Abstract
Purpose :
Incontinentia pigmenti (IP) is a rare condition characterized by skin changes, dental abnormalities, central nervous system abnormalities and ocular abnormalities in the retina and elsewhere. We performed a retrospective review of all patients with IP who underwent ophthalmic examination in order to report the ocular and systemic findings in a real-world, tertiary referral setting.
Methods :
In this single-center, retrospective, longitudinal cohort study, patients with a diagnosis of IP seen at the Emory Eye Center over the past 11 years were identified. A review of all available medical records was performed.
Results :
15 patients and 30 eyes meeting inclusion criteria were identified. 14 of 15 patients (93.3%) were female. Ophthalmic manifestations of IP were documented in 7 of 15 patients. Retinal abnormalities were documented in 9 of 30 eyes (30.3%) with peripheral avascular retina in 8 eyes (26.7%). Fluorescein angiography was conducted on 7 of 15 patients (46.7%) which demonstrated peripheral nonperfusion in 50% and neovascularization in 14.3%. 1 patient had a tractional retinal detachment. 3 eyes of 2 patients were treated with panretinal photocoagulation. Non-retinal findings were present in 3 patients and included strabismus (n=3) and nystagmus (n=1). 11 of 15 patients (73.3%) had skin findings with all 11 having Stage 3 skin involvement. 5 of 15 patients (33.3%) had CNS involvement - including seizures (n=5), developmental delay (n=2), and/or motor delay (n=2). 4 of 15 patients (44.4%) had documented dental abnormalities.

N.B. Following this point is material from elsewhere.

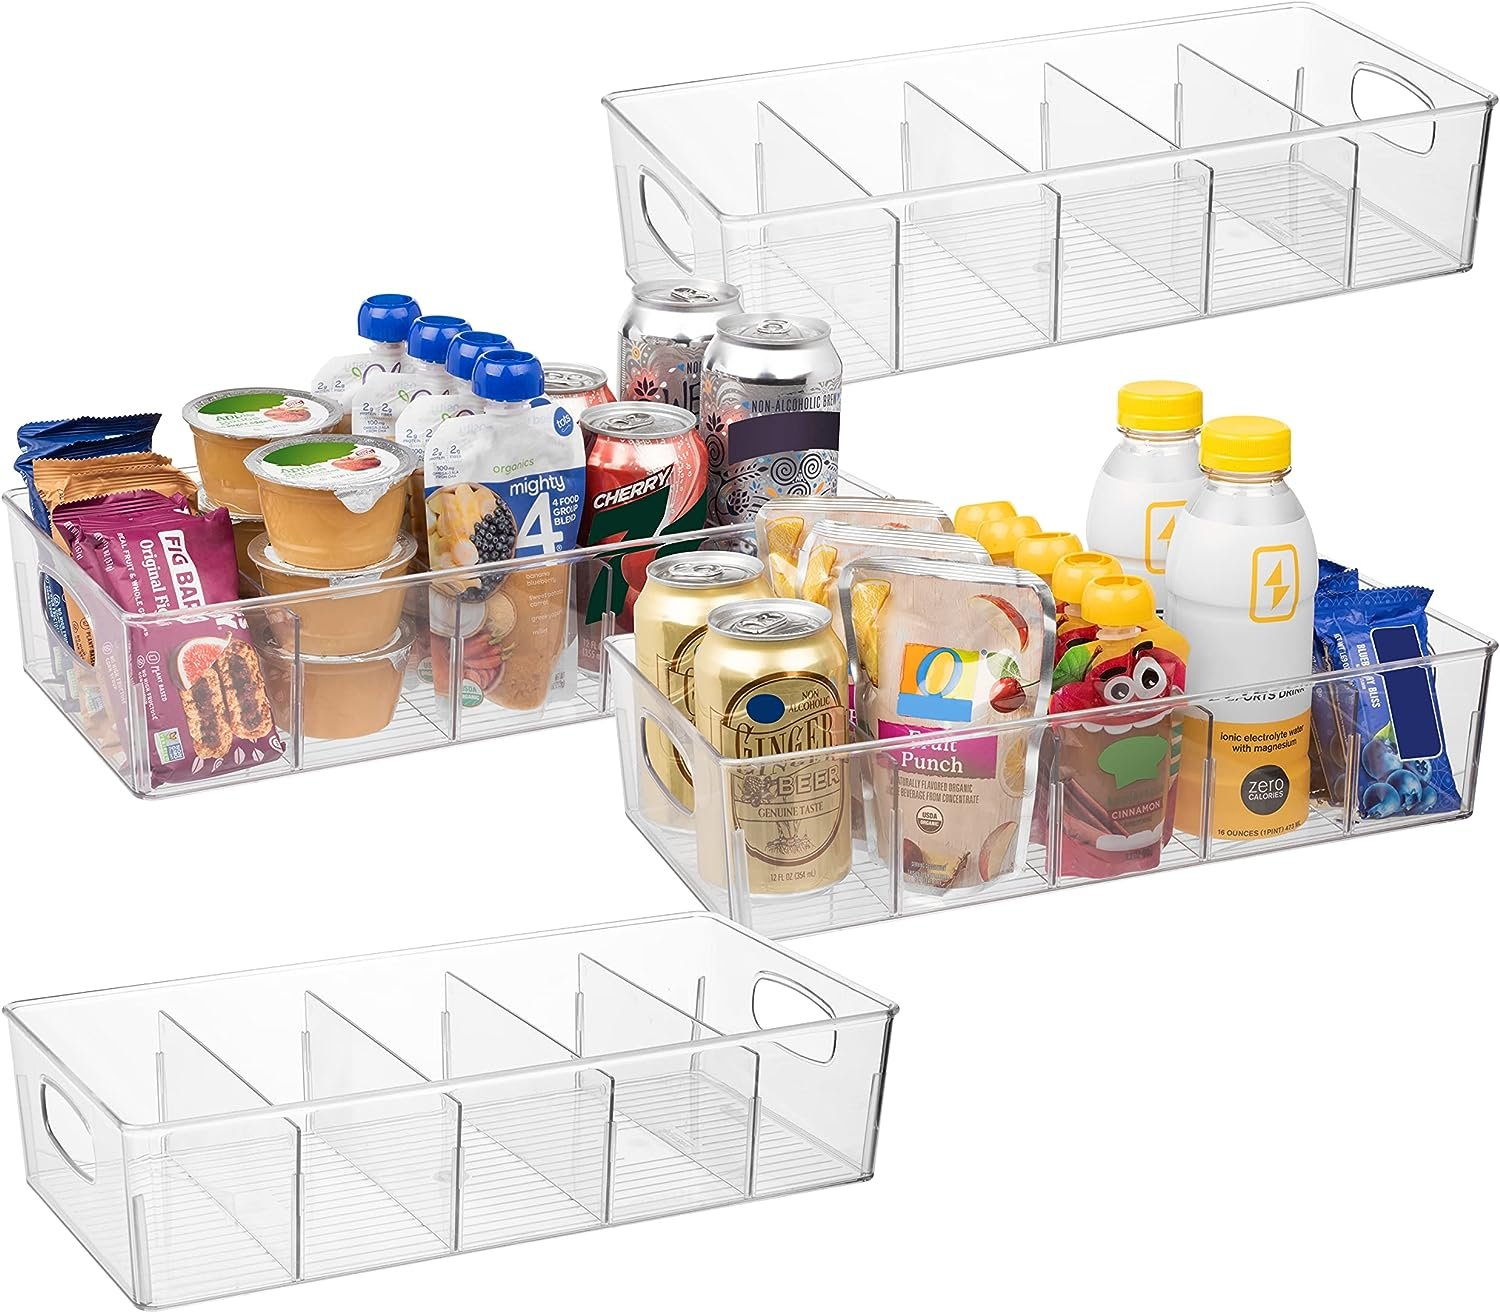 ClearSpace Plastic Pantry Organization and Storage Bins with Removable Dividers – XL Perfect for Kitchen,Refrigerator, Cabinet, 4 Pack

Genetic testing results were available for 9 of 15 patients (60%) and 7 of those tested (77.8%) had mutations in the NEMO gene. 5 of 15 patients (33.3%) underwent skin biopsy and all 5 revealed eosinophilic spongiogsis. Overall, 11 of 15 patients (73.3%) were diagnosed based on genetic testing and/or skin biopsy - the remainder were diagnosed based on clinical findings alone.
Conclusions :
The prevalence of ocular findings in IP in our study was 47% with 71.4% of those patients having retinal abnormalities. A wide range of systemic manifestations was also noted. These findings underscore the need for a multidisciplinary approach to management, including baseline and continued ophthalmic examinations in all patients with IP.
This abstract was presented at the 2019 ARVO Annual Meeting, held in Vancouver, Canada, April 28 - May 2, 2019.